For instance, consider the equation \( y' - 3y = -4 \). Here, \( p(t) = -3 \) and the integrating factor is \( \mu(t) = e^{\int -3 dt} = e^{-3t} \). By multiplying the entire equation by \( \mu(t) \), we're able to integrate and find the general solution of the ODE.

Differential Equations

Differential equations are mathematical equations that relate some function with its derivatives. They come in various types depending on the nature of the derivatives involved. A first-order linear ODE, such as the one presented in the exercise \( y'(t) = 3y(t) - 4 \), involves the first derivative of the function and can describe a wide range of phenomena, from simple growth and decay processes to complex mechanical systems.

Understanding the language of differential equations allows us to model and predict the behavior of dynamic systems in physics, biology, economics, and many other fields. The ability to solve these equations is therefore key in both theoretical studies and practical applications.

General Solution of ODE

The general solution of an ODE encompasses all possible specific solutions and includes arbitrary constants that account for initial conditions. For a first-order ODE, typically there will be a single constant, as it is the case with the provided exercise.

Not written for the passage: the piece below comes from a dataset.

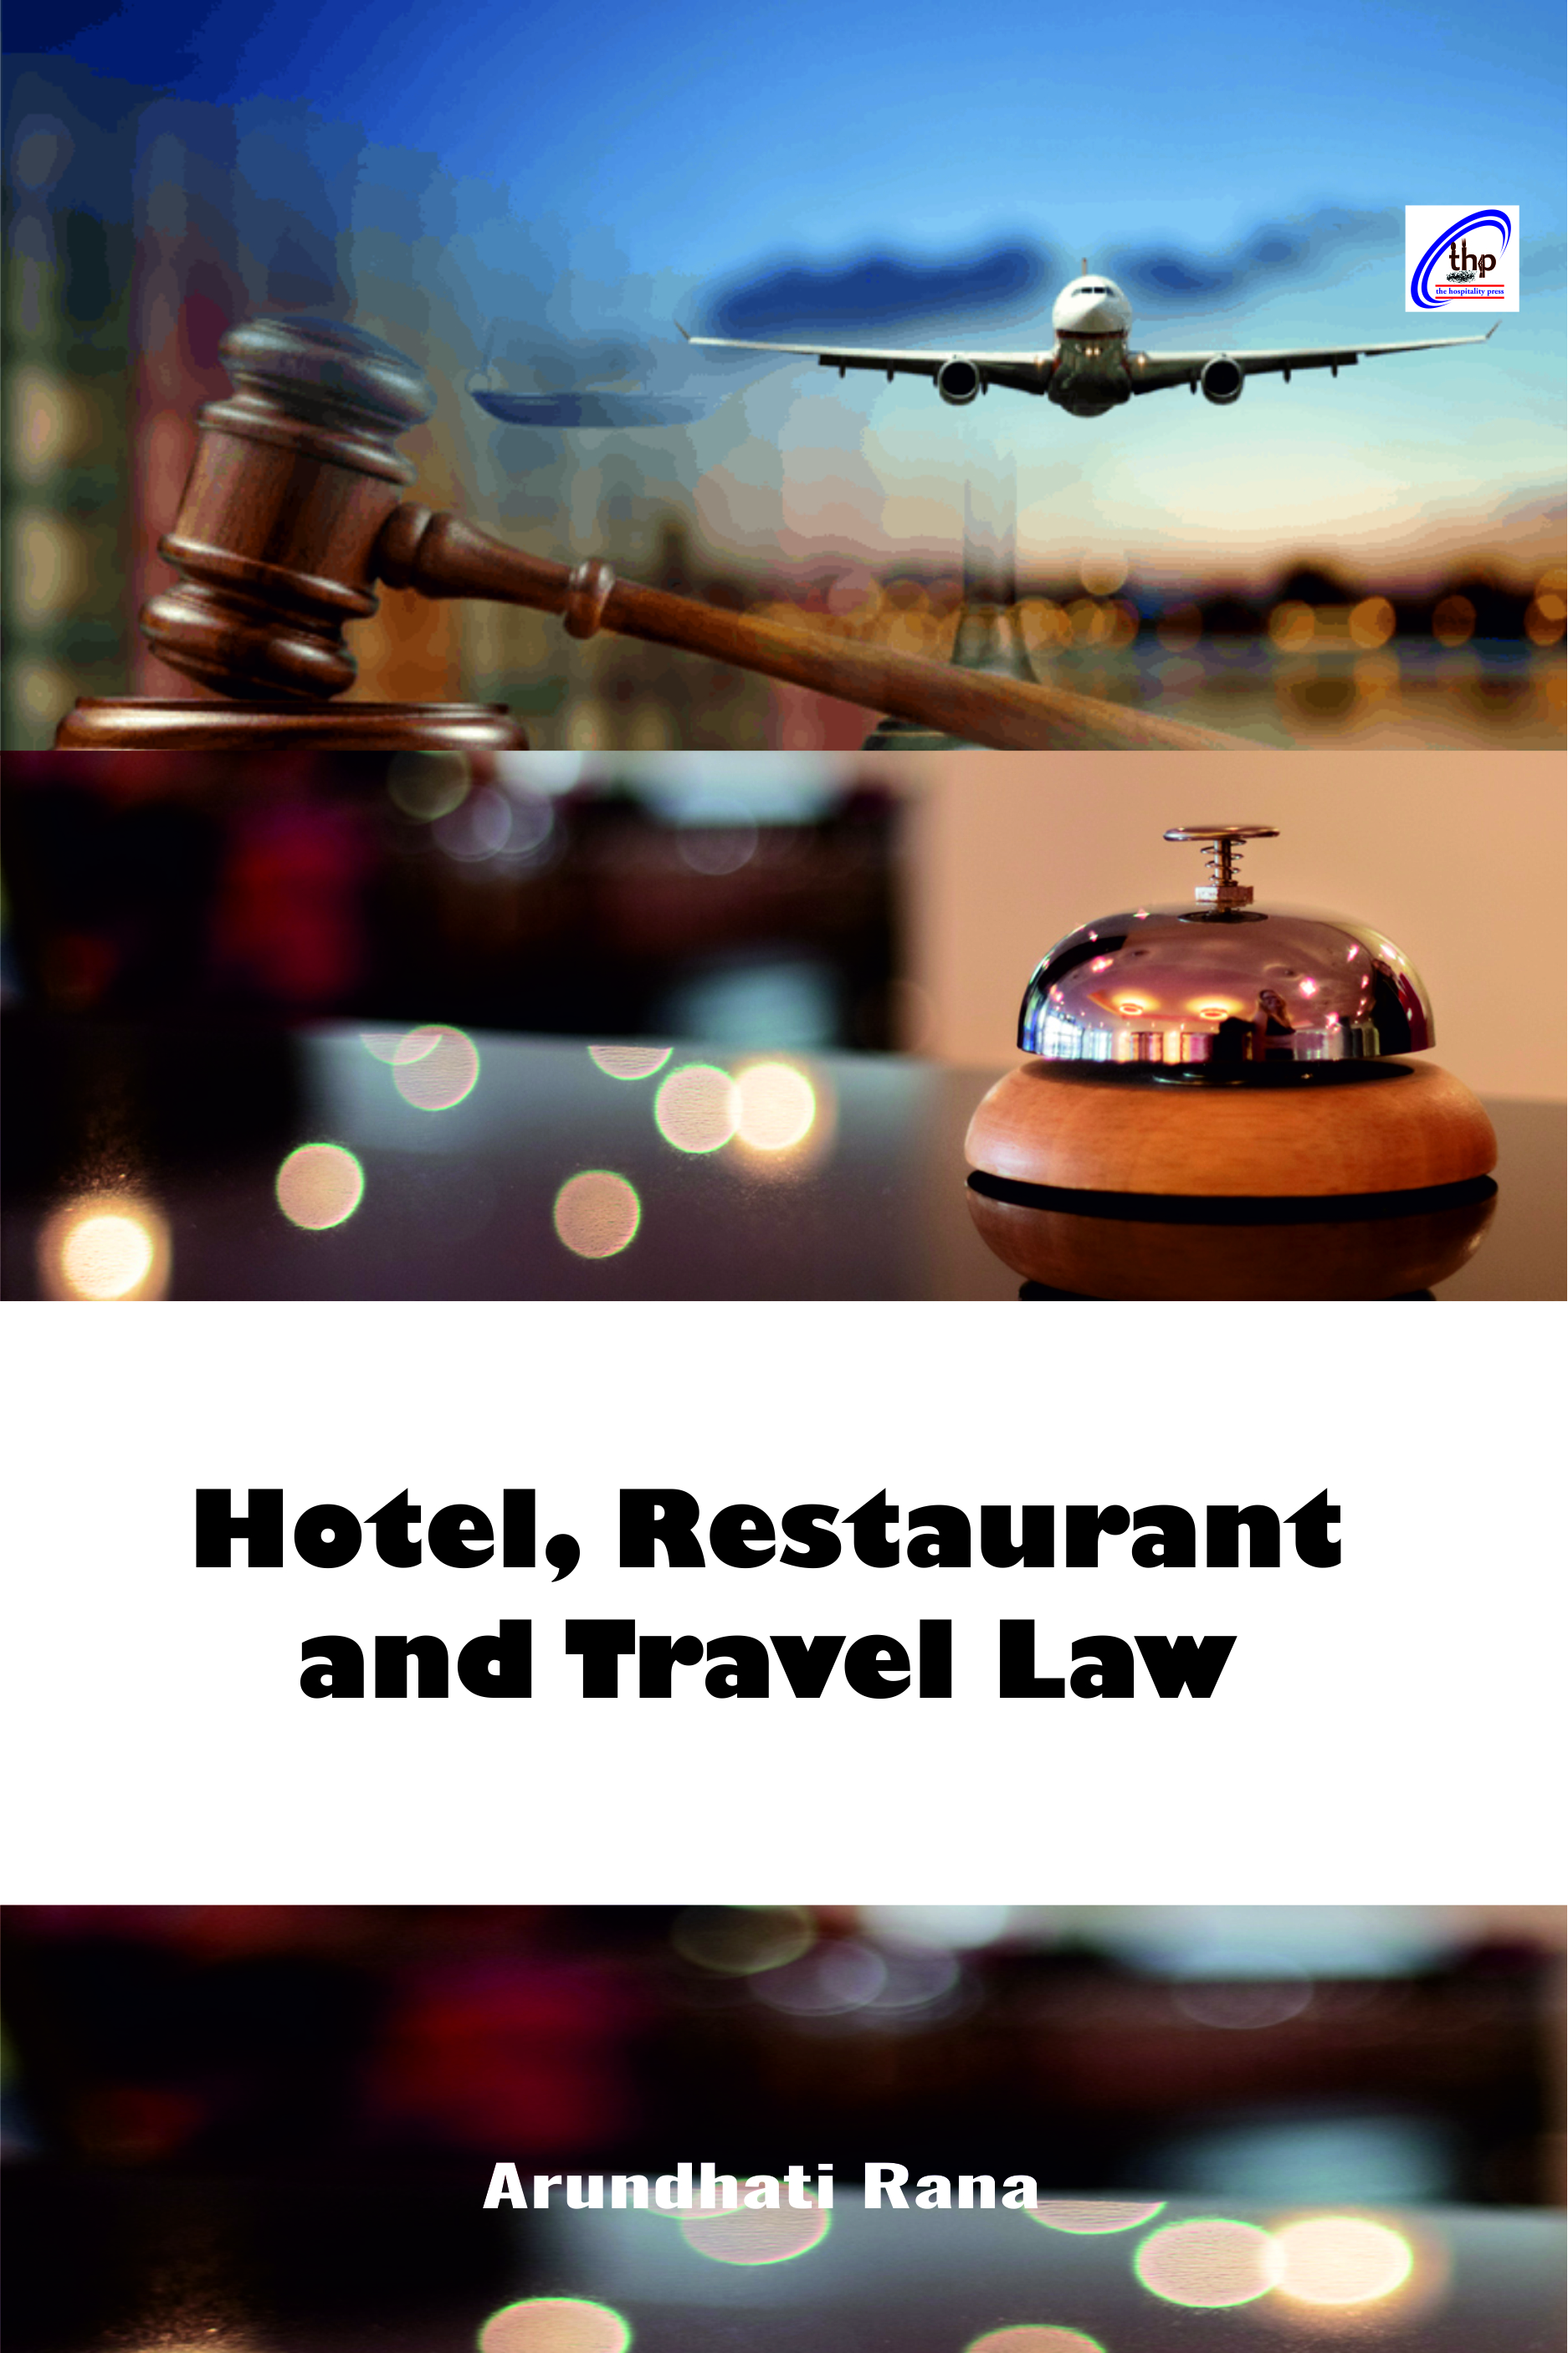 Hotel, Restaurant and Travel Law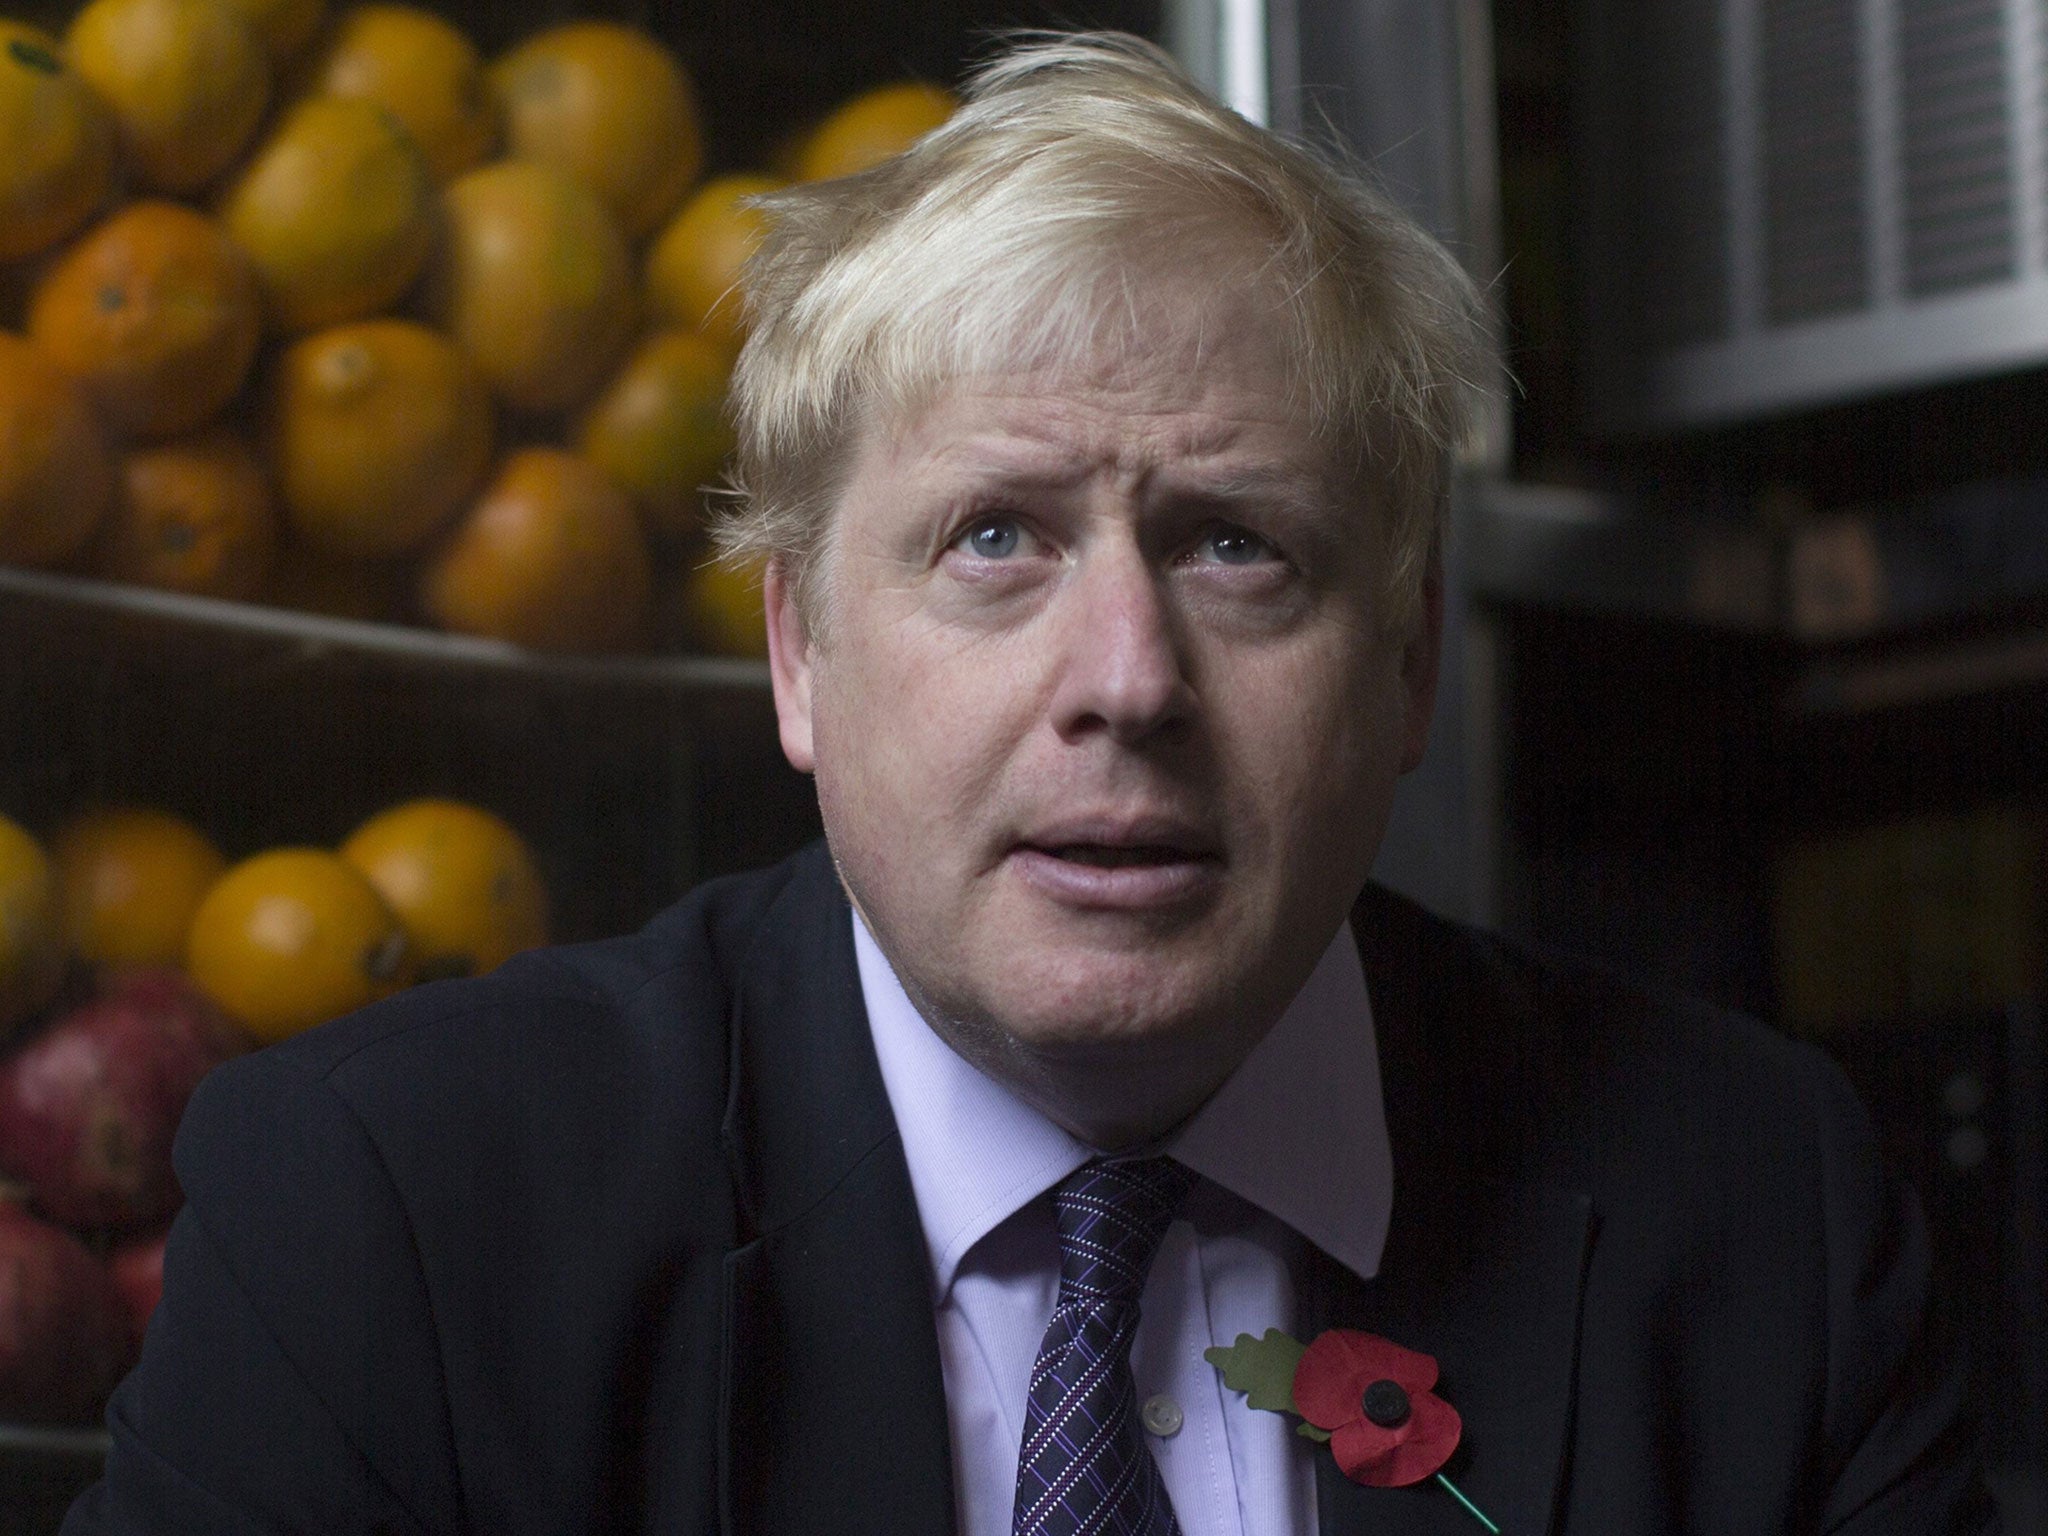 Mayor of London Boris Johnson in a Palestinian cafe during a tour of the Old City of Jerusalem, 11 November 2015.

After applying the integrating factor method and simplifying, we obtain an expression that includes an arbitrary constant \( C \). This constant can be determined if an initial condition is provided, leading to a particular solution. In the absence of initial conditions, the solution remains general as in the equation \( y(t) = \frac{4}{3} + Ce^{3t} \), which represents an infinite family of curves, each corresponding to a different value of \( C \).

Exponential Functions

Exponential functions are mathematical functions of the form \( f(t) = a e^{kt} \), where \( a \) and \( k \) are constants, and \( e \) is the base of the natural logarithm. These functions are crucial in solving ODEs because many natural phenomena, like continuous growth or decay, are governed by rates of change proportional to the state of the system.

Exponential functions are unique due to their property of being the derivative of themselves multiplied by a constant. In the context of our exercise, the function \( Ce^{3t} \) is the solution to the homogeneous equation \( y' - 3y = 0 \) and it appears in the general solution to represent all possible behaviors of the system under the influence of the initial value which is represented by \( C \).